## Your instructions:
Apart from the pictures, reproduce the data below exactly as it stands.

## Data below:
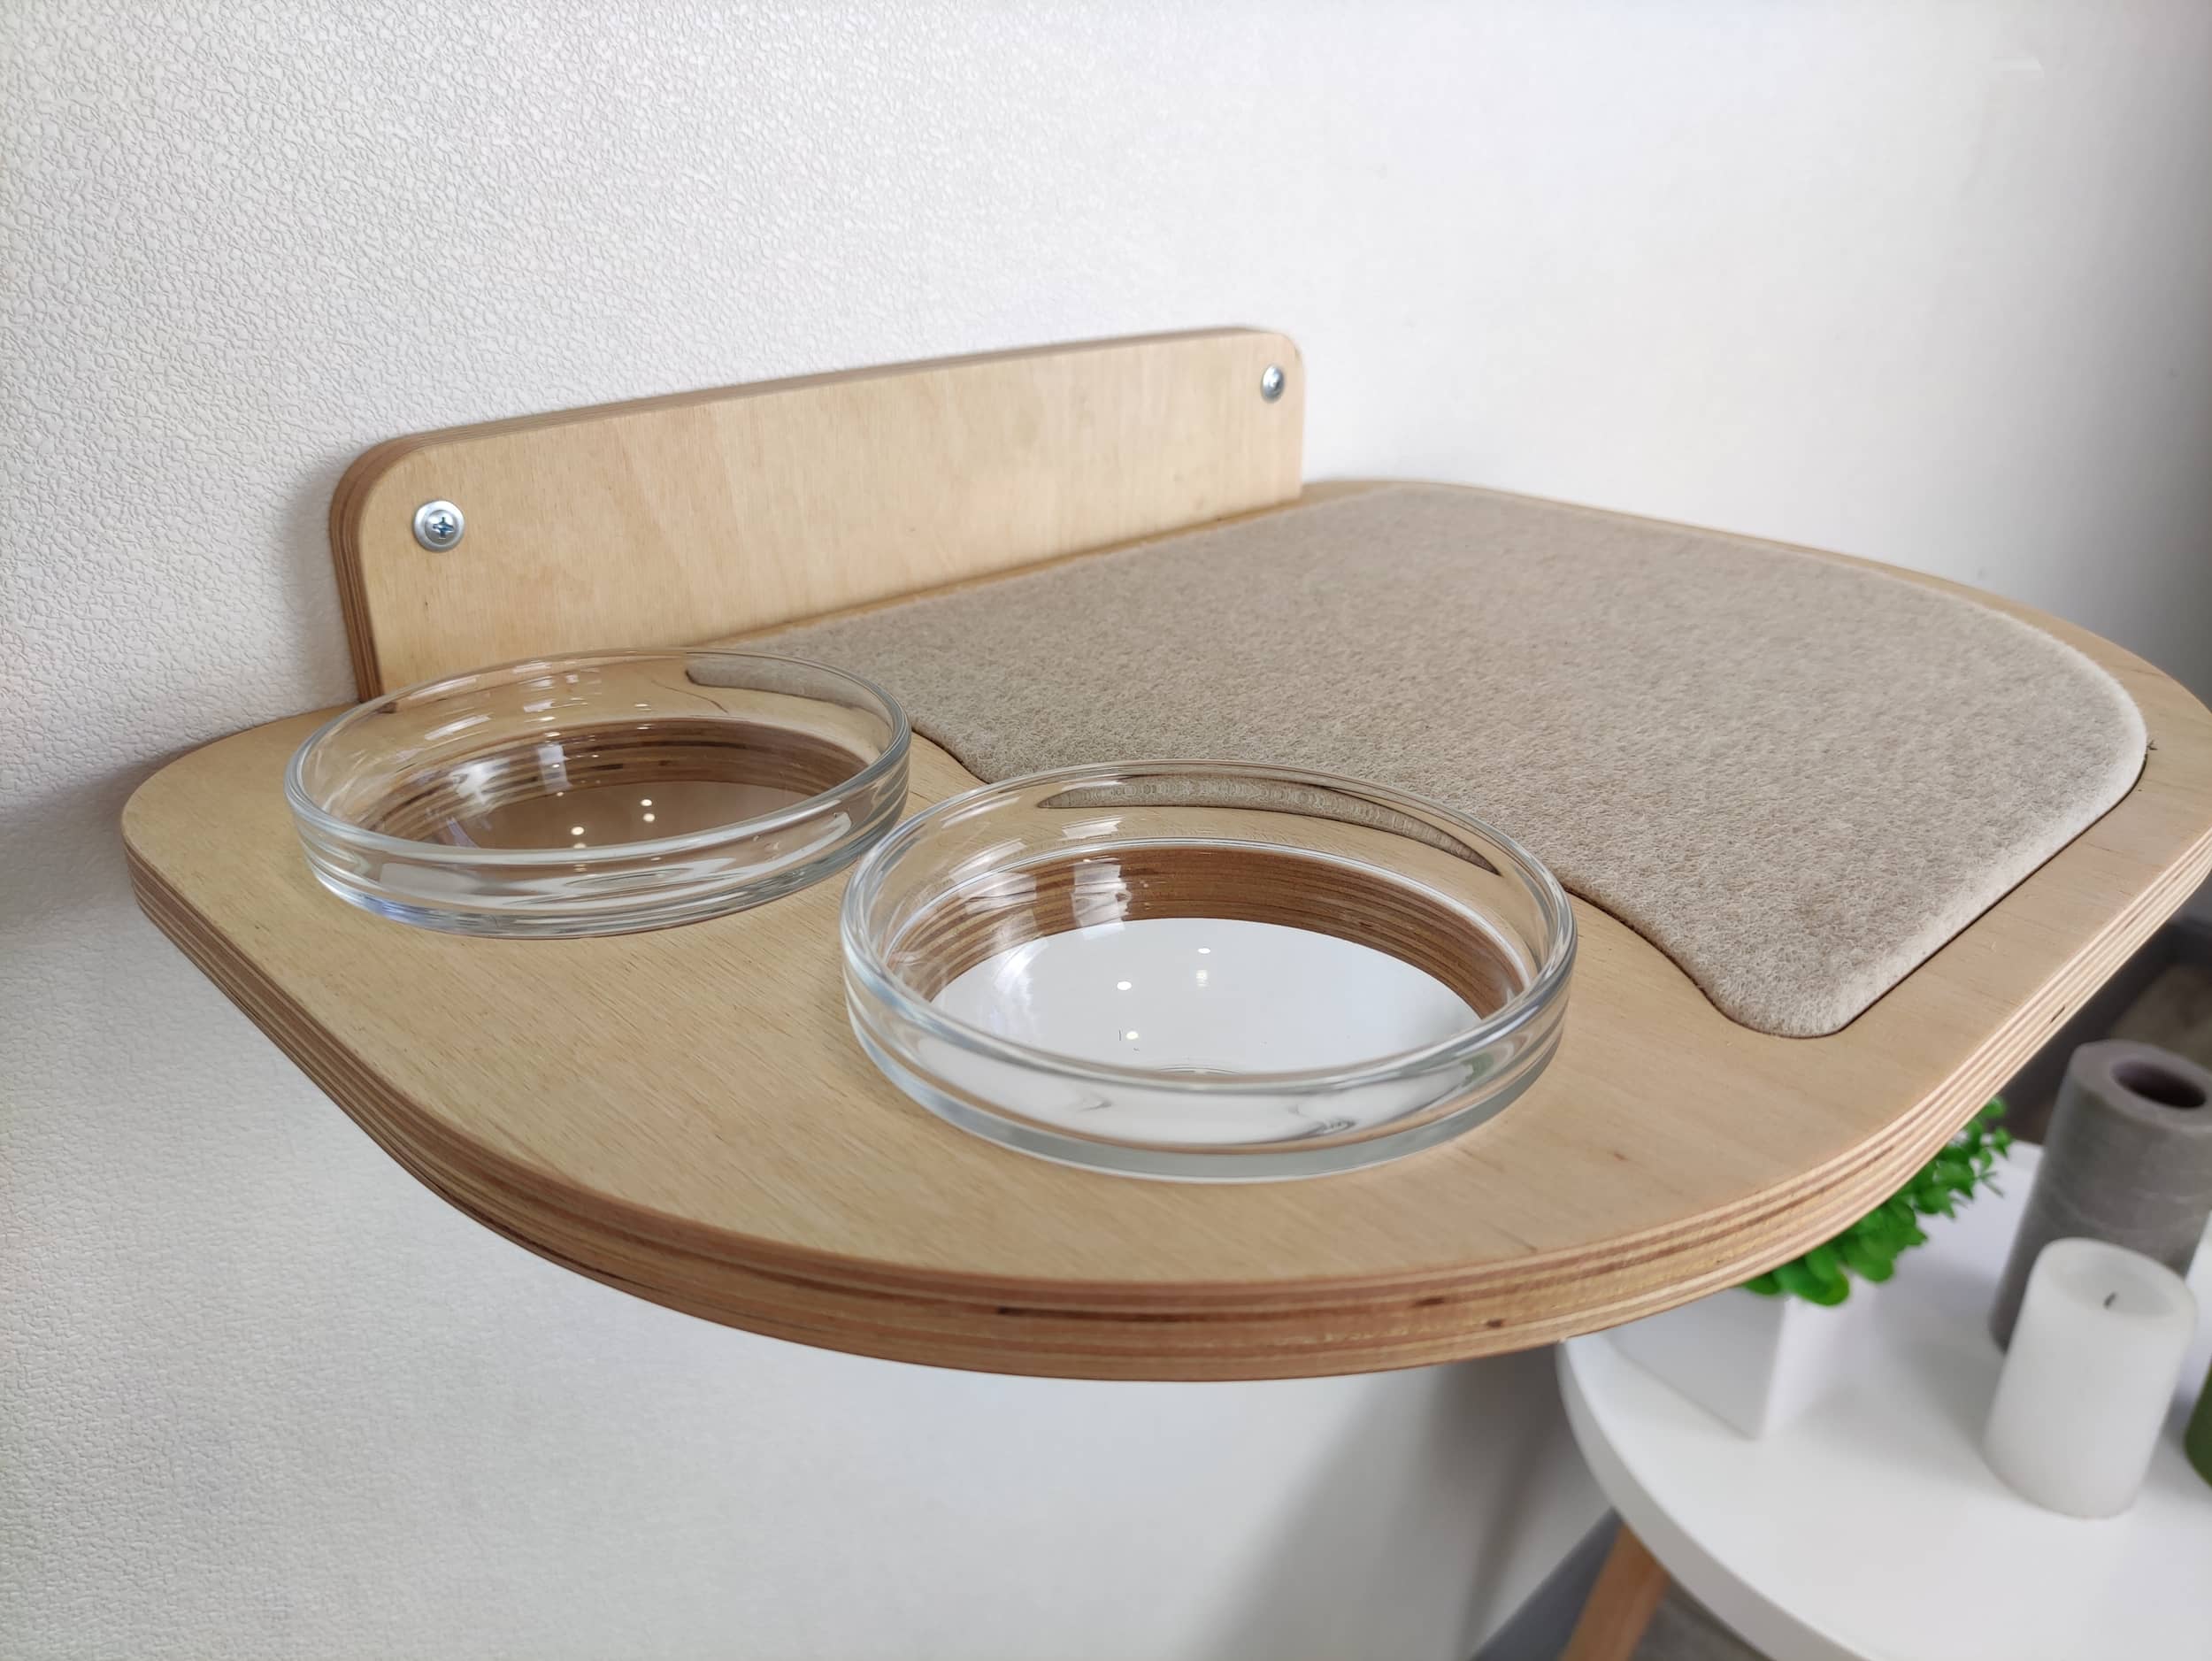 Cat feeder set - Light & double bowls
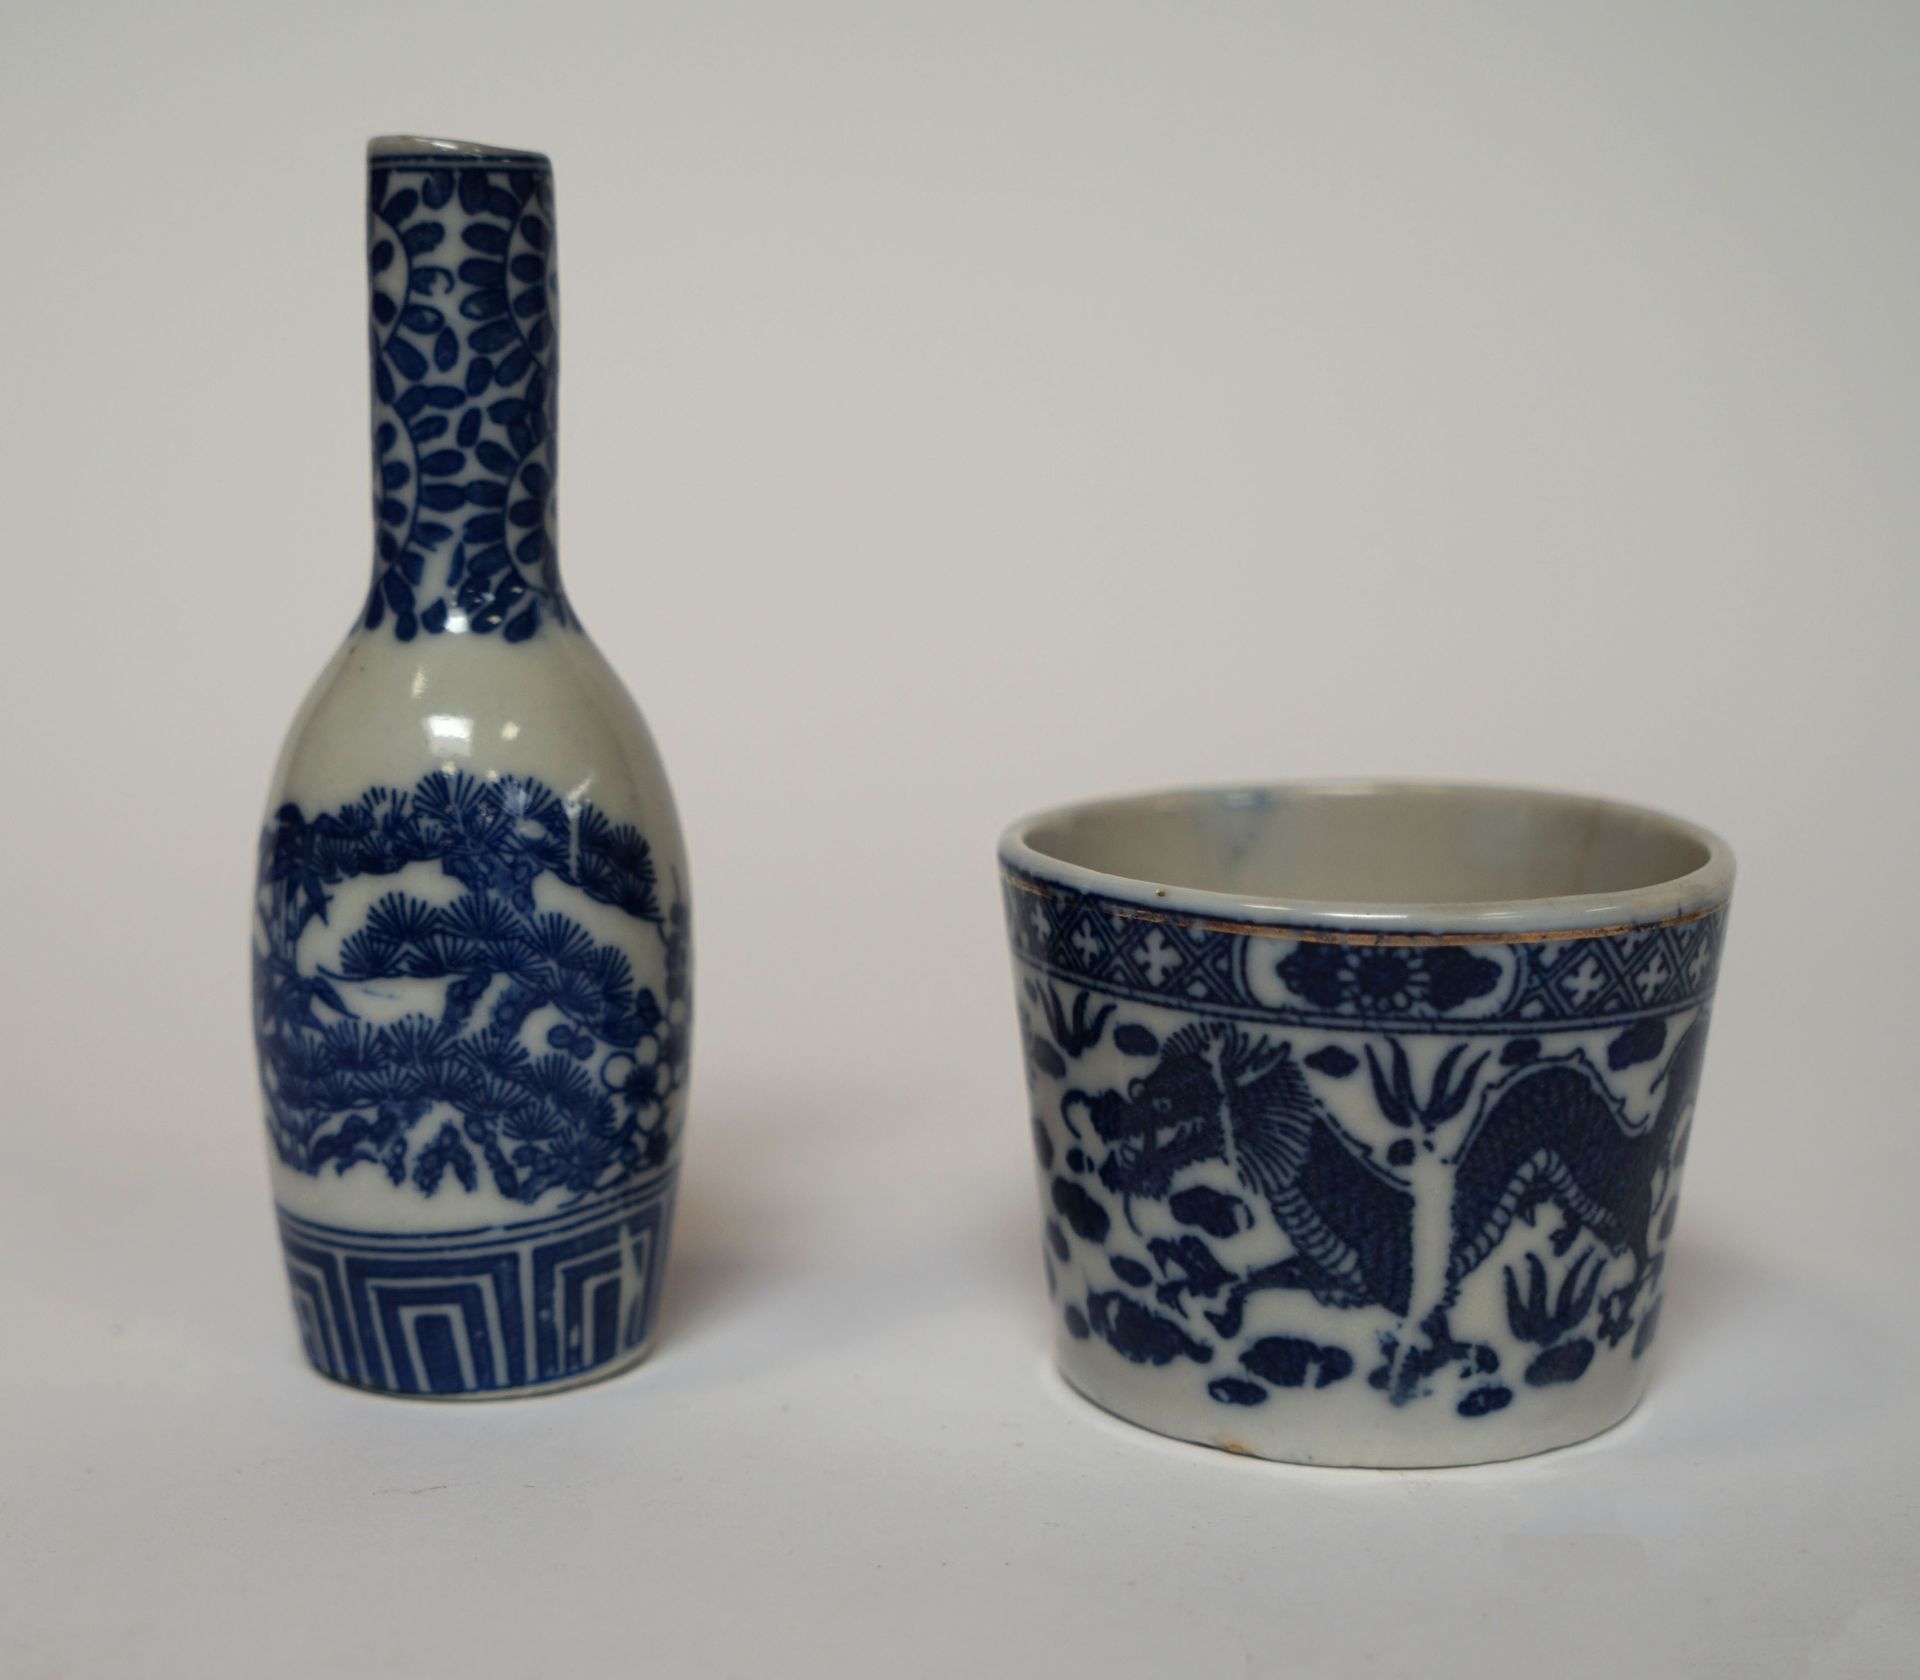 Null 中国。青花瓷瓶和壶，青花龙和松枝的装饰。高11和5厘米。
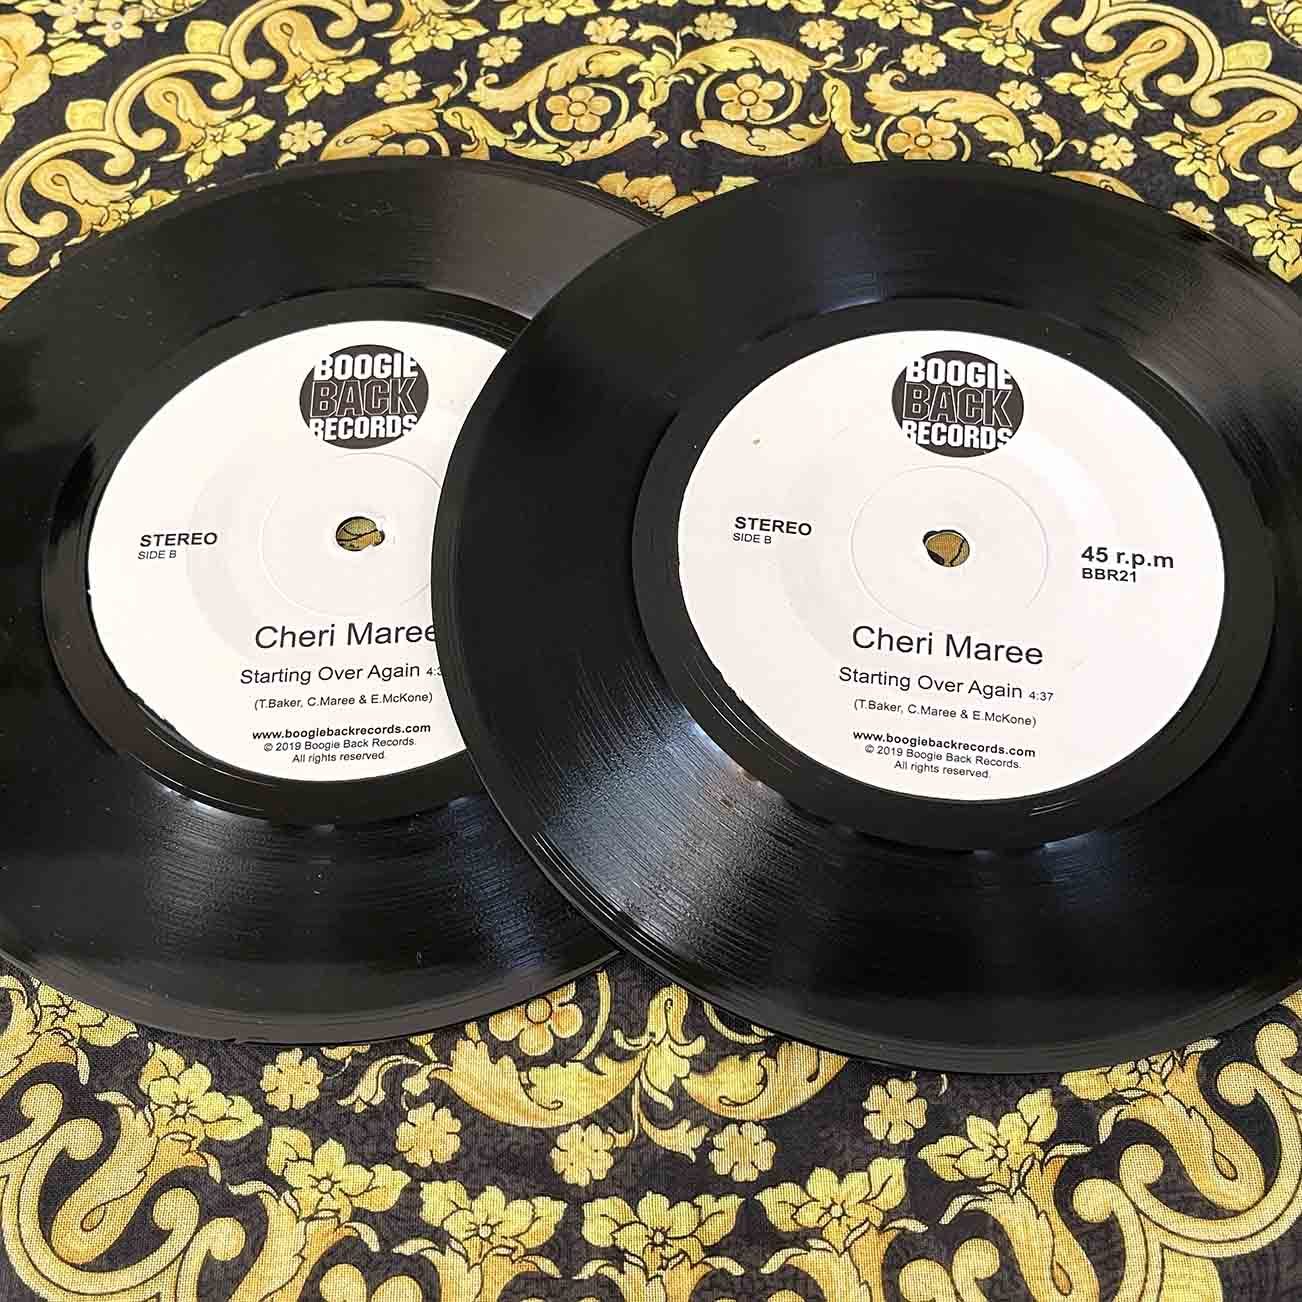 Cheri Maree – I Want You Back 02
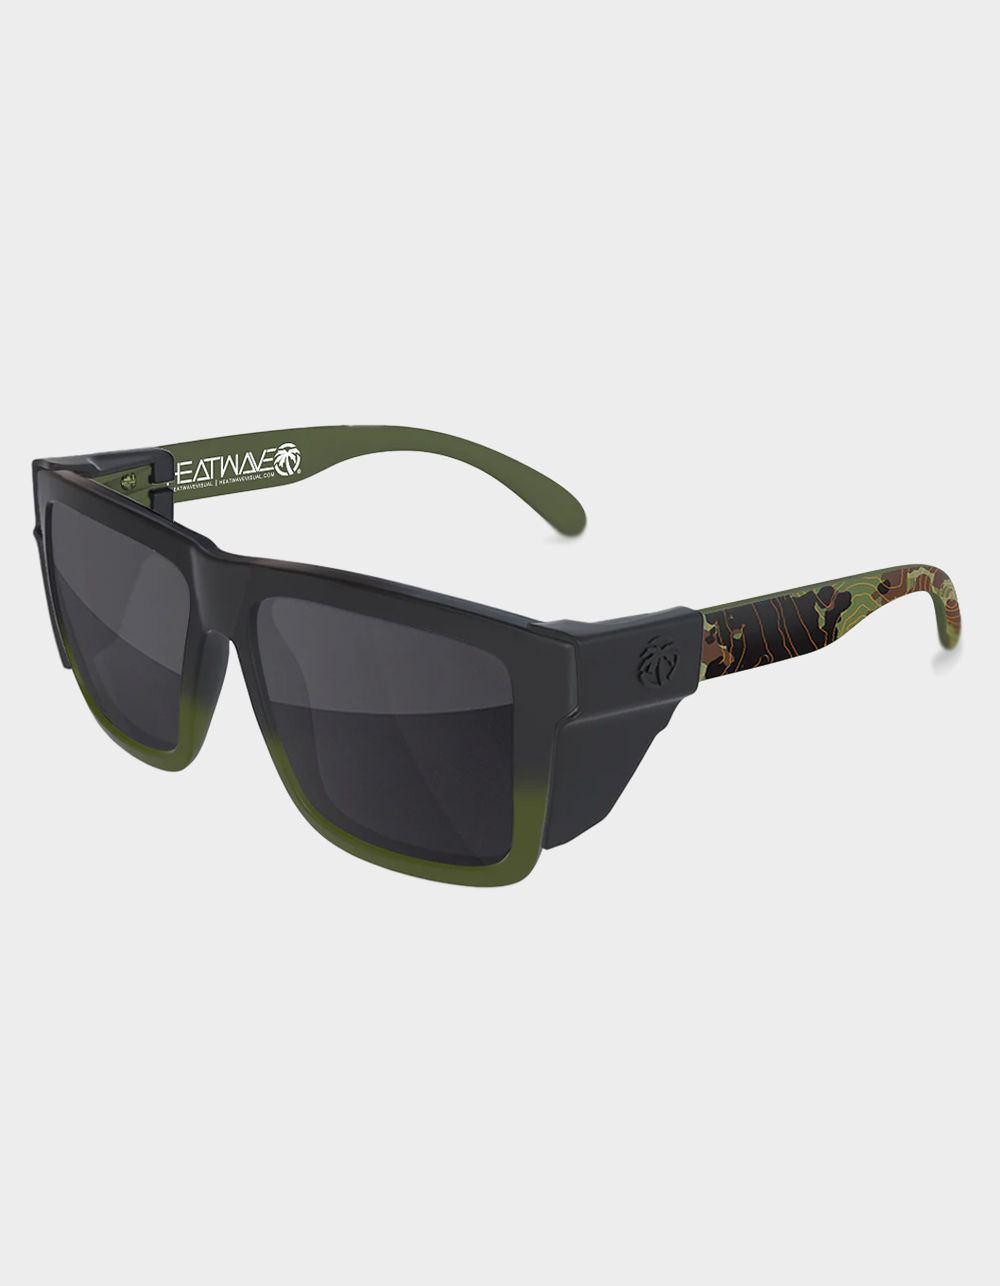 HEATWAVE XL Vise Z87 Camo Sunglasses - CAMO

## Expected answer:
 Cat feeder set - Light & double bowls
 Null 中国。青花瓷瓶和壶，青花龙和松枝的装饰。高11和5厘米。
 Cheri Maree – I Want You Back 02
 HEATWAVE XL Vise Z87 Camo Sunglasses - CAMO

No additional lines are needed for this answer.